=== Supplied material ===

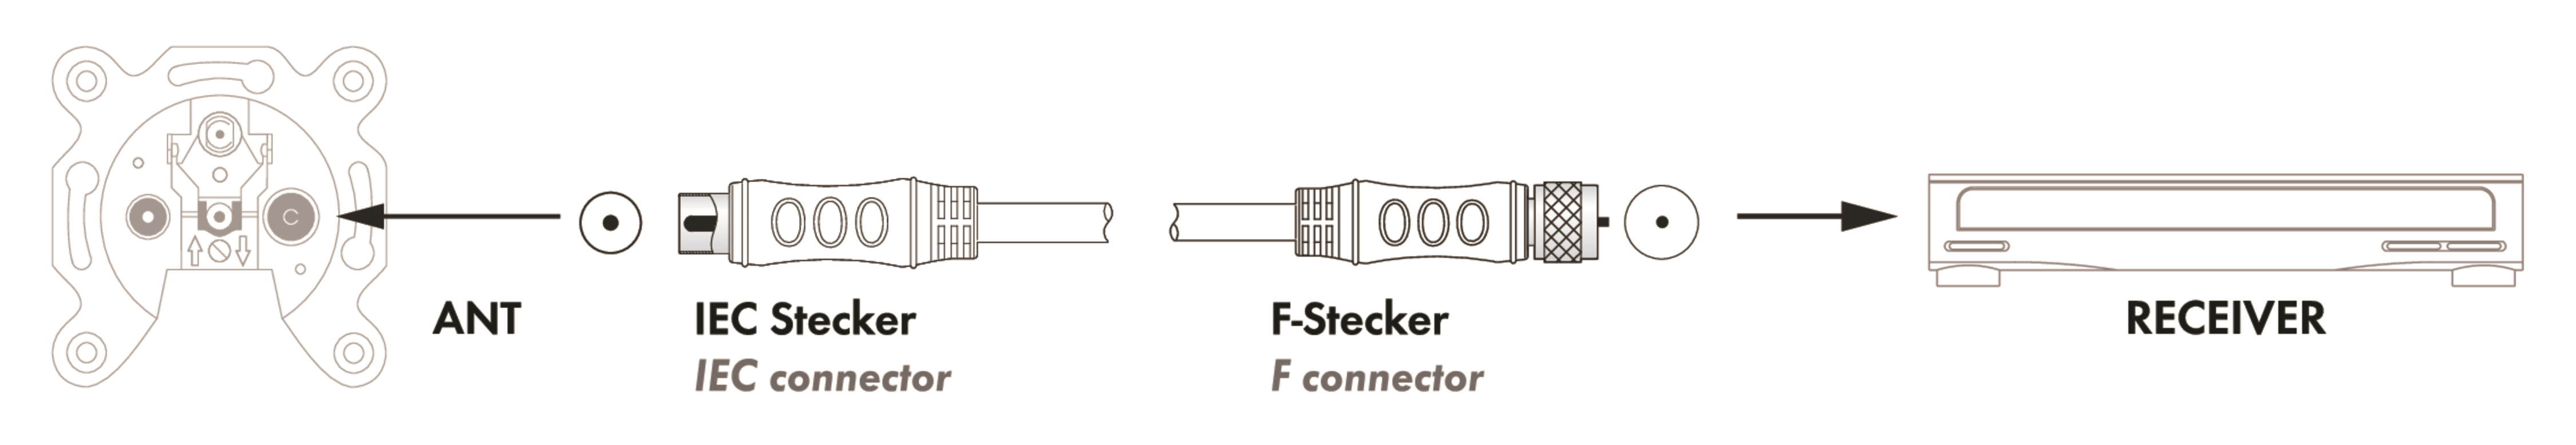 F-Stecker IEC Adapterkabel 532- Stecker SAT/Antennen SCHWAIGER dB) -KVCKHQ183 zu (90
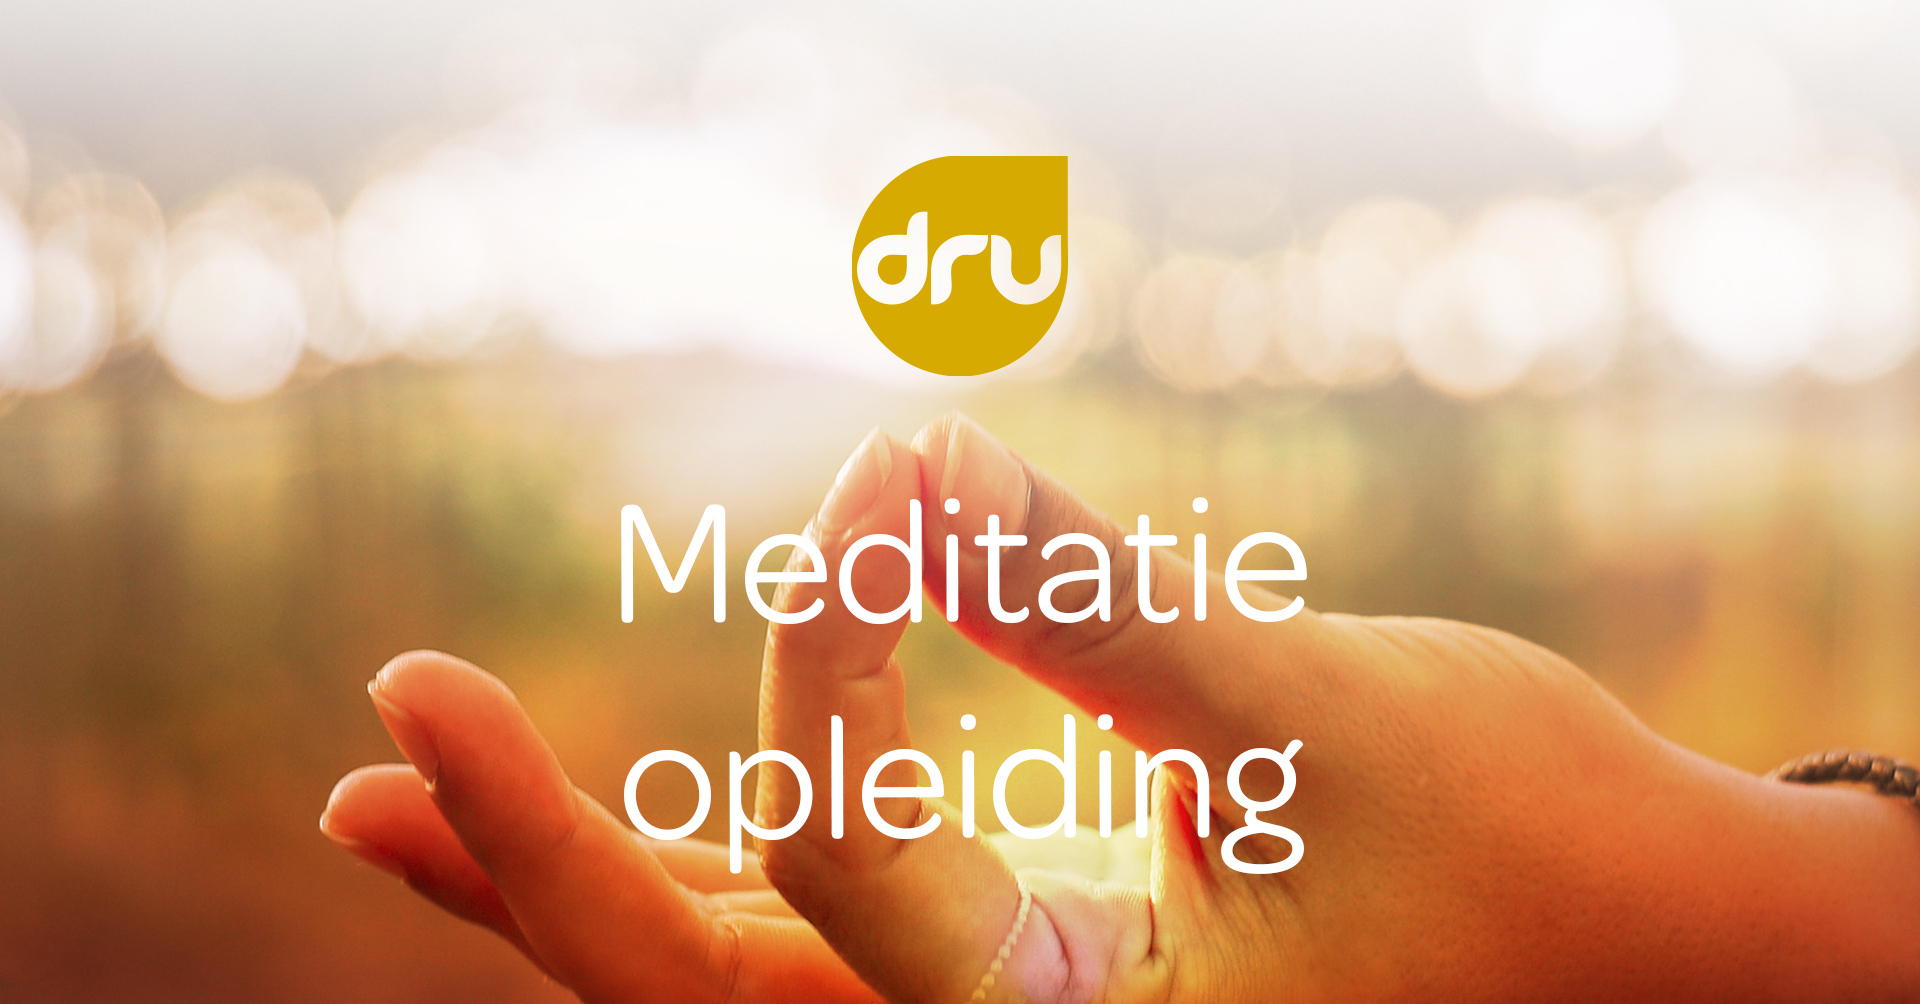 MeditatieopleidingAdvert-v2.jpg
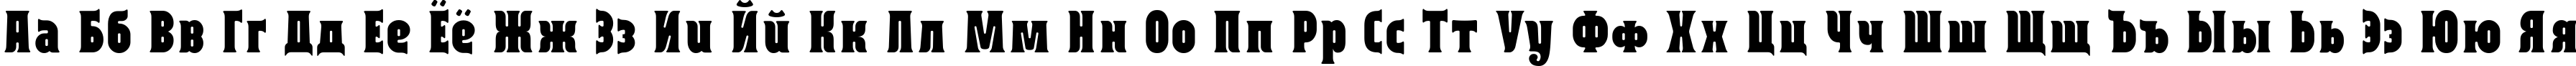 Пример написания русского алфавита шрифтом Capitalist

=== Work item ===
What is needed here is an exact repetition of the listing above, pictures excluded.

=== Exercise result ===
 F-Stecker IEC Adapterkabel 532- Stecker SAT/Antennen SCHWAIGER dB) -KVCKHQ183 zu (90
 MeditatieopleidingAdvert-v2.jpg
 Пример написания русского алфавита шрифтом Capitalist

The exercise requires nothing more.